Some tips for visiting the cathedral are:

  • Book your ticket online in advance to avoid long queues at the entrance.
  • Dress appropriately and respectfully, as this is a place of worship.
  • Respect the silence and do not use flash photography or video recording inside the cathedral.
  • Explore the stunning stained glass windows, especially the one by Alfons Mucha in the north nave.
  • Climb up the 287 steps of the Great South Tower for a panoramic view of Prague (additional fee of 150 CZK).
  • Visit the Treasury of St Vitus Cathedral, where you can see precious relics, liturgical objects, and artworks (additional fee of 300 CZK).
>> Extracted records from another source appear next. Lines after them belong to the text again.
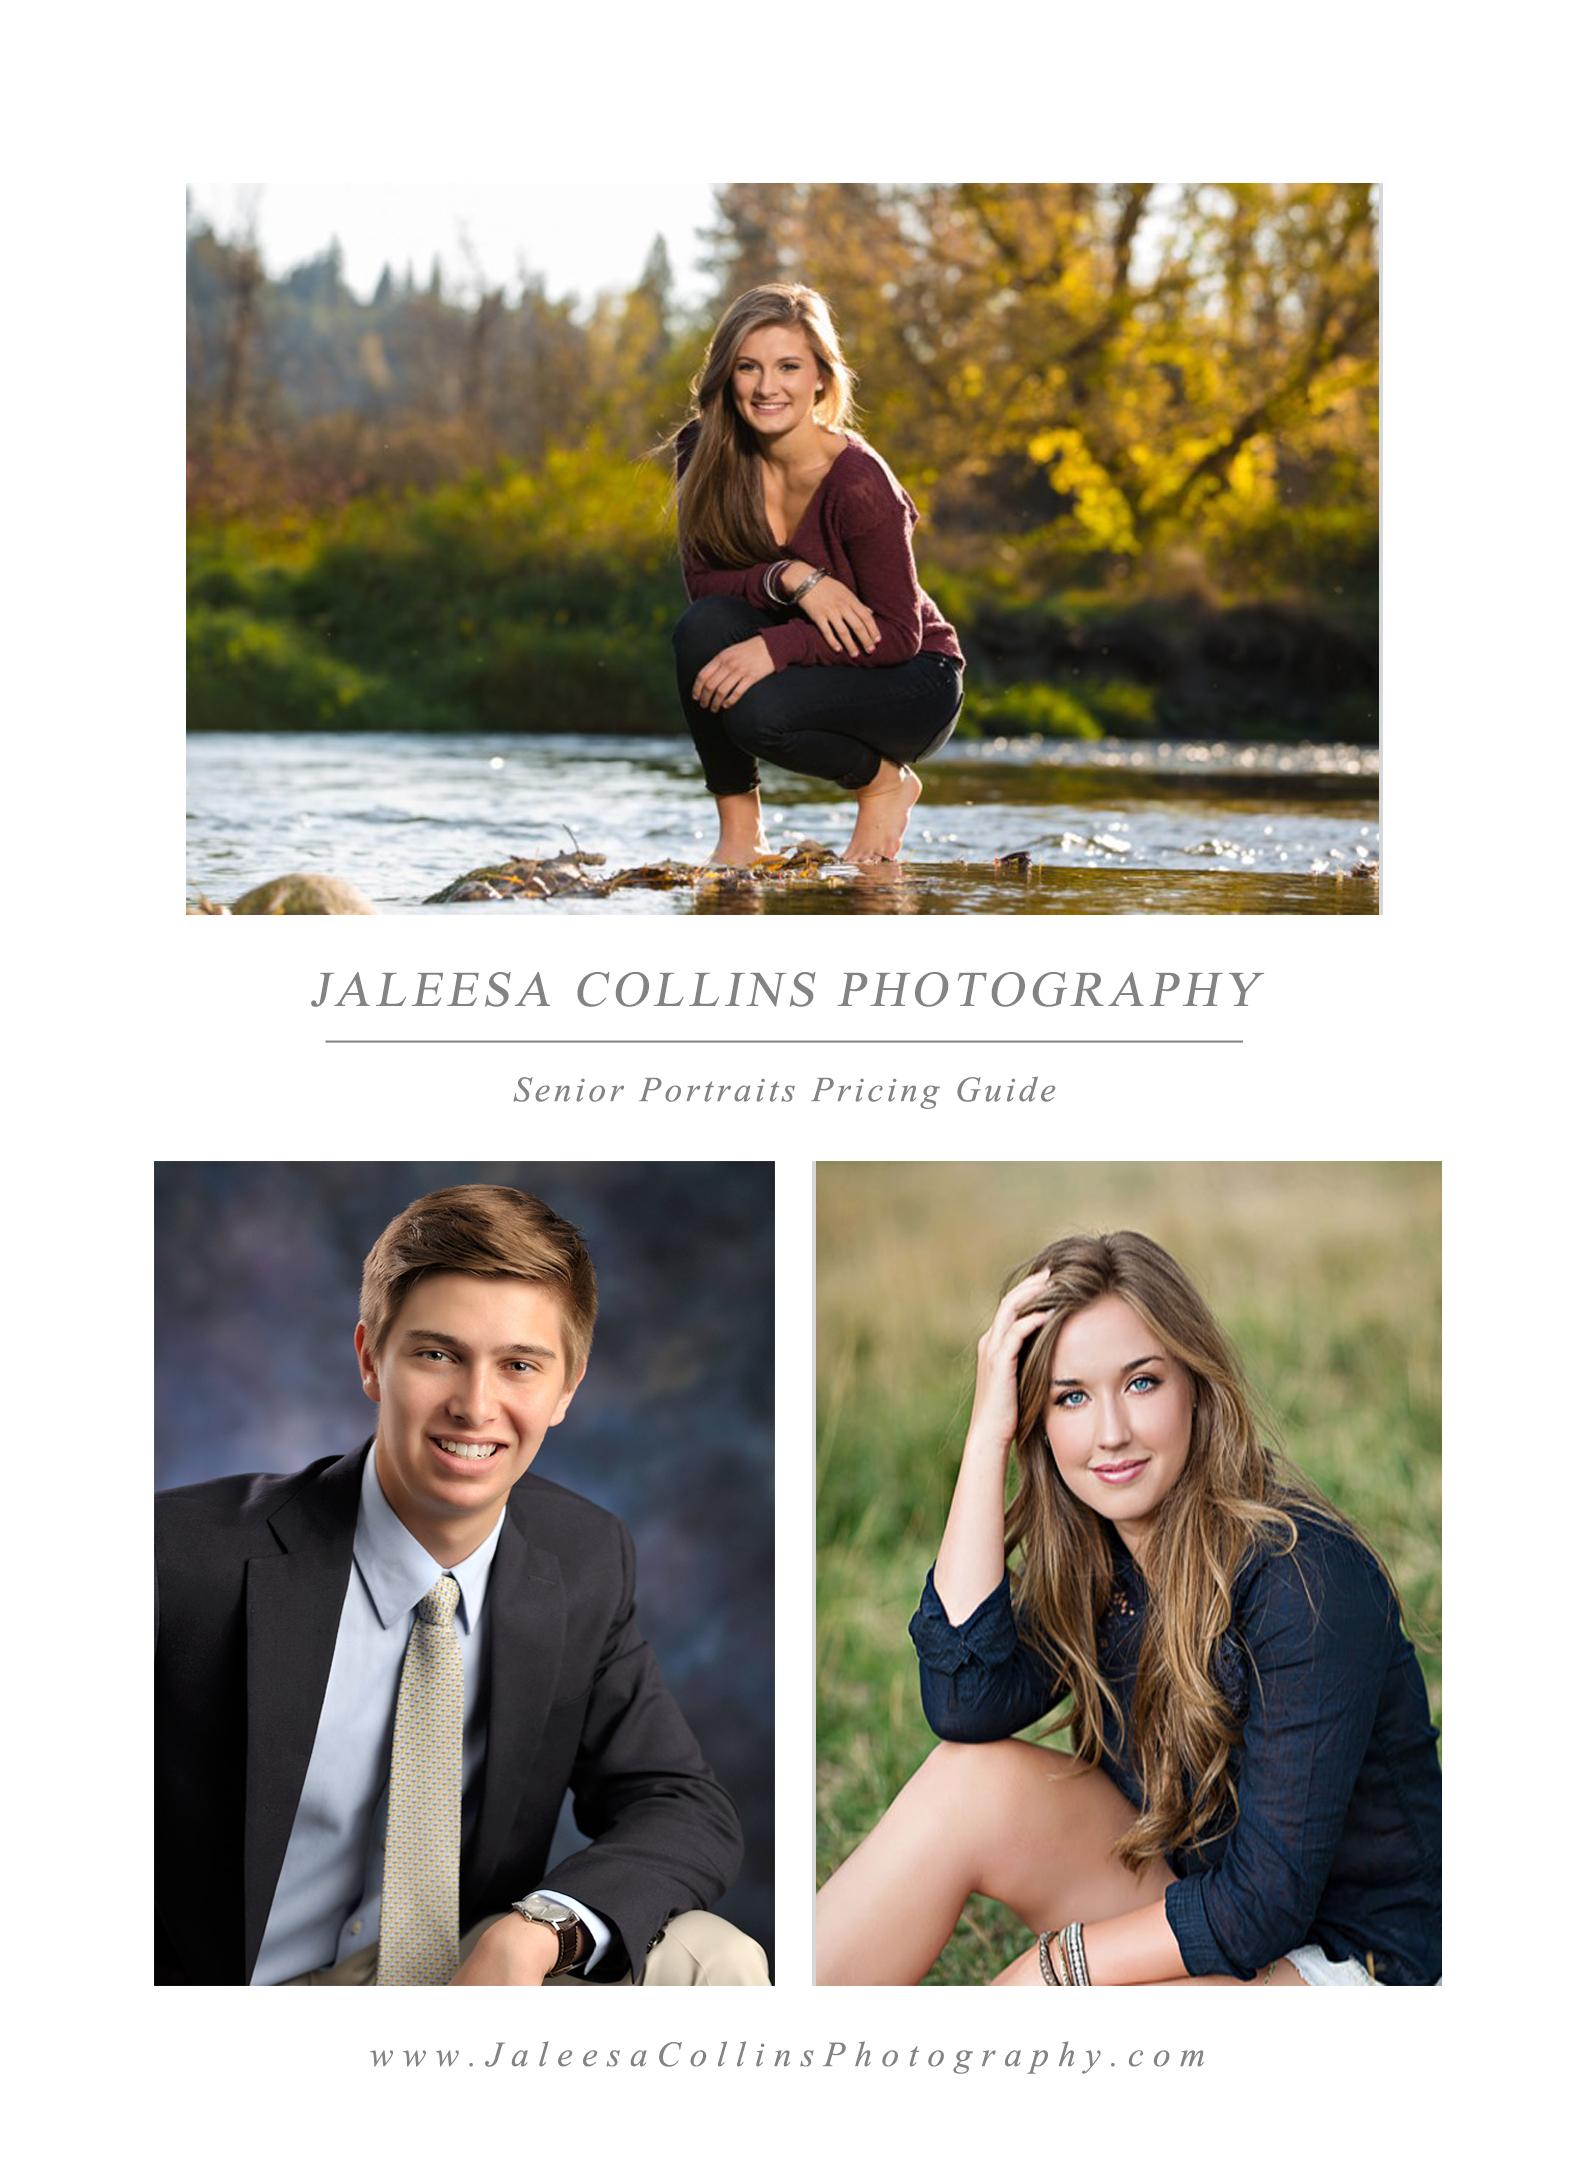 Jaleesa Collins Photography Senior Portraits Pricing Guide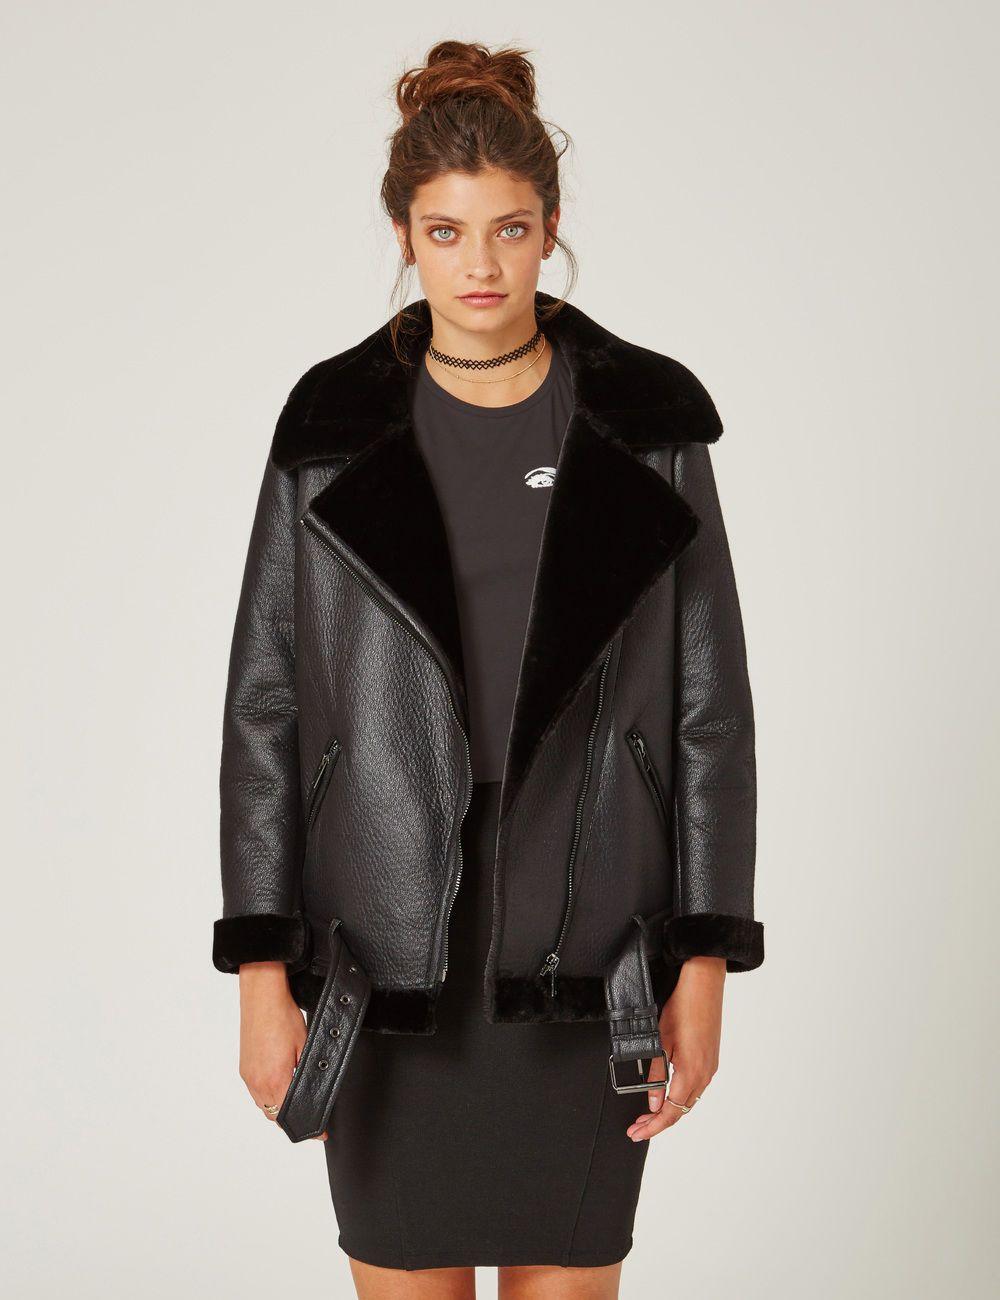 meilleur site web e6b0a da67b Blouson bombardier noir femme • Jennyfer | Shopping ...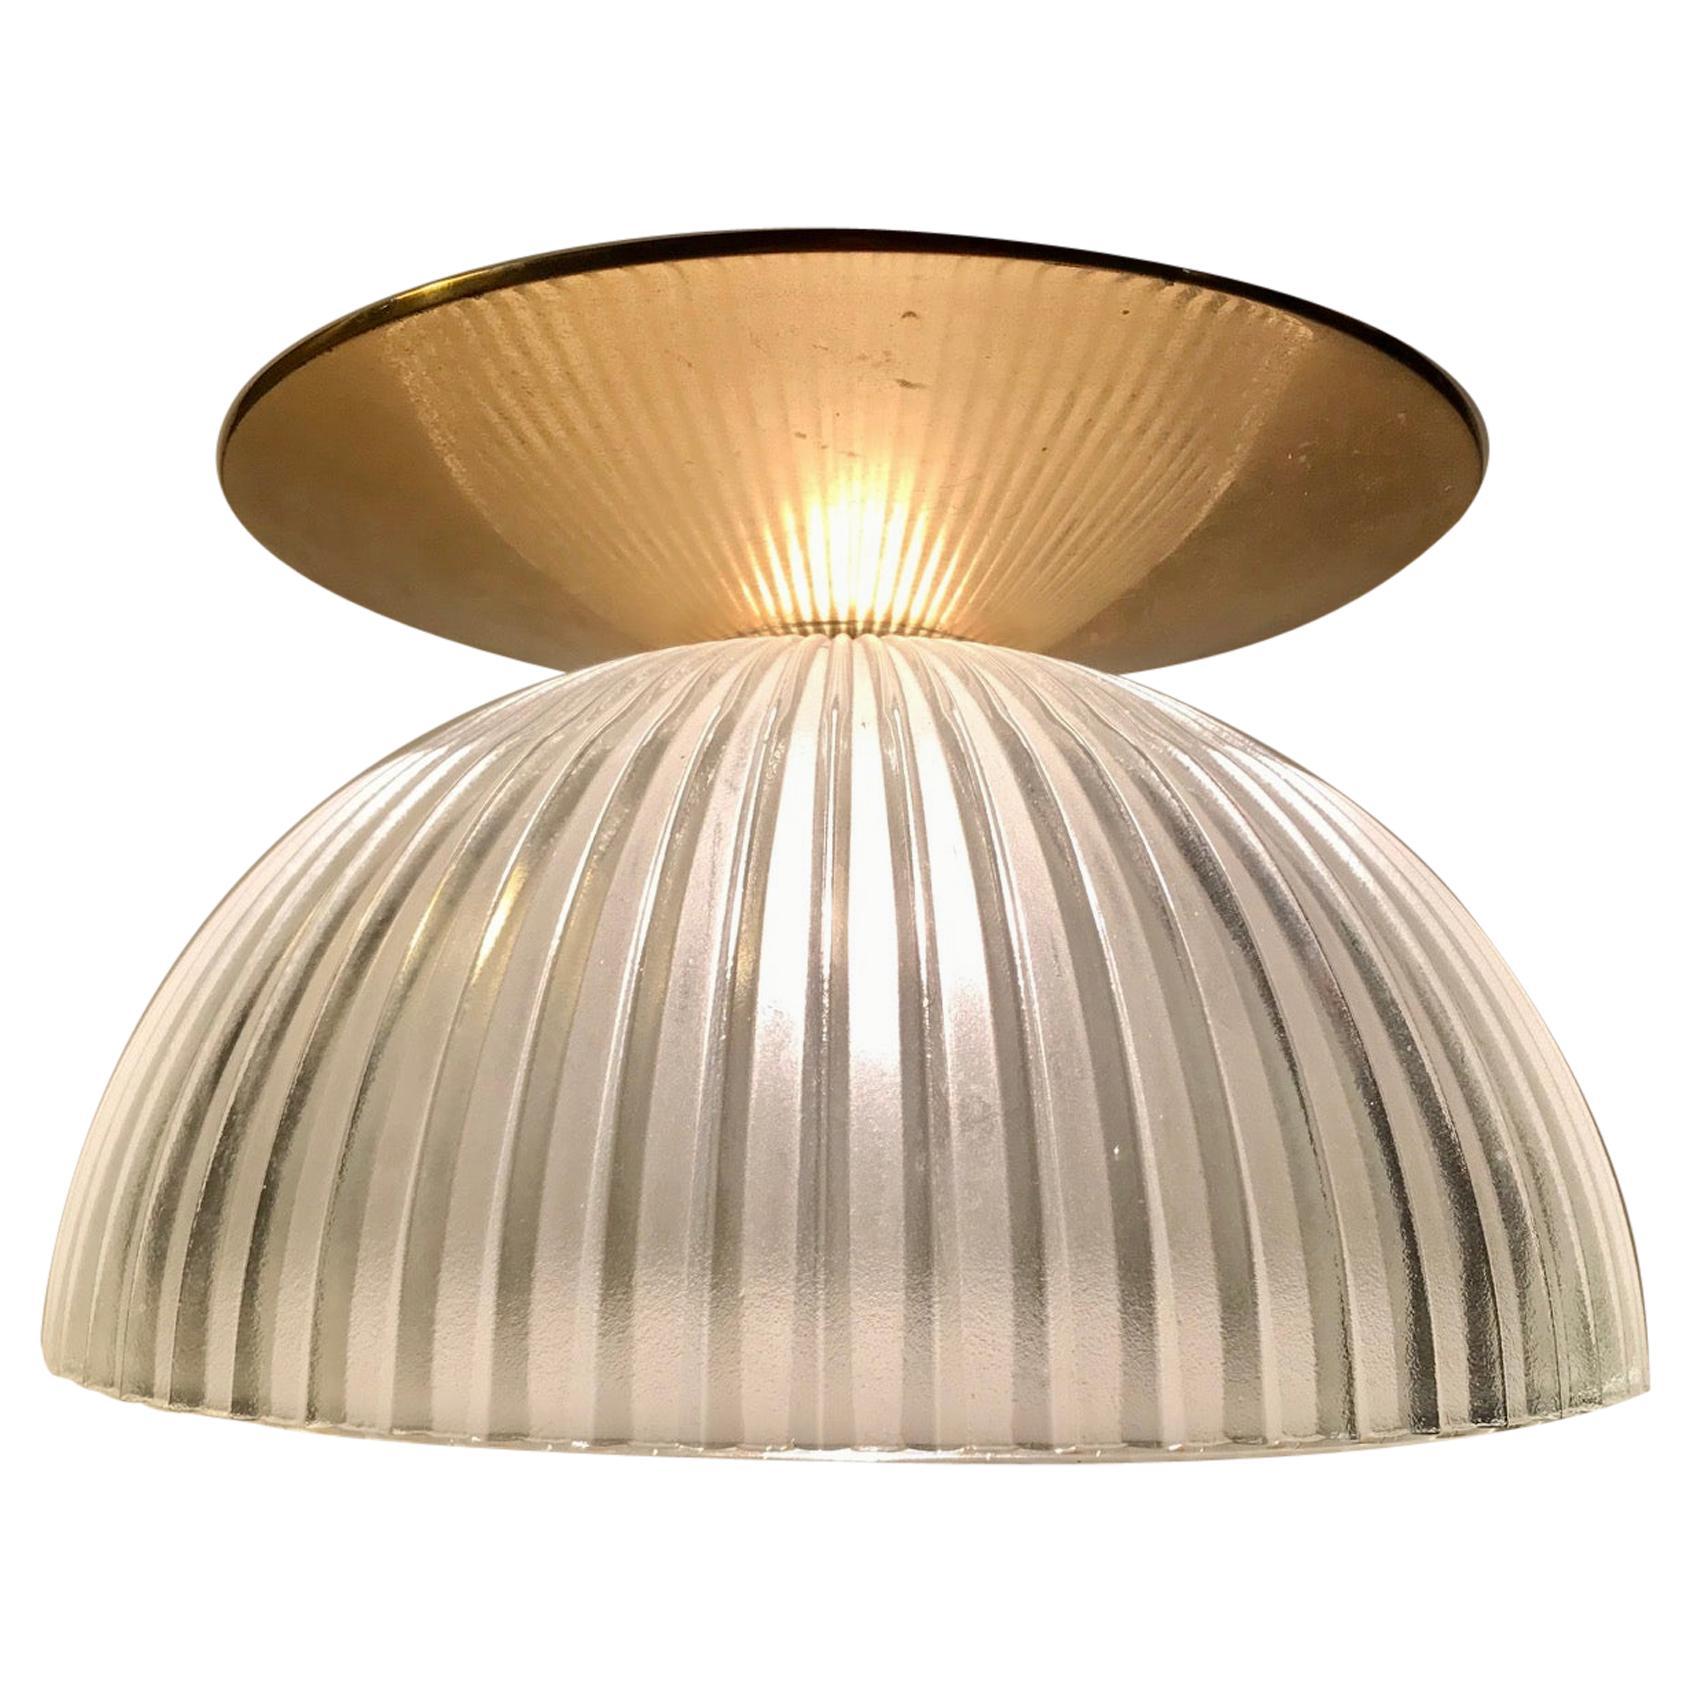 Scandinavian Fluted Glass and Brass Ceiling Lamp, 1970s

Some prohibitions for visiting the cathedral are:

  • Do not bring large bags, backpacks, or umbrellas inside the cathedral. You can leave them at the cloakroom near the entrance.
  • Do not eat, drink, or smoke inside or near the cathedral.
  • Do not touch any of the artworks or monuments inside the cathedral.
  • Do not enter any areas that are marked as restricted or closed to visitors.

Some of the highlights of what to see inside the cathedral are:

  • The main altar with a silver reliquary containing the remains of St Vitus, the patron saint of Prague.
  • The Chapel of St Wenceslas, where you can see the coronation chamber and the door to the Crown Chamber, where the crown jewels are stored.
  • The Royal Crypt, where you can see the tombs of Charles IV, Wenceslas IV, Rudolf II, and other rulers.
  • The Royal Oratory, where you can see the original throne of Charles IV and a painting of the Last Judgment by Master Theodoric.
  • The New Royal Mausoleum, where you can see the tombs of Ferdinand I, Maximilian II, Rudolf II, and other Habsburgs.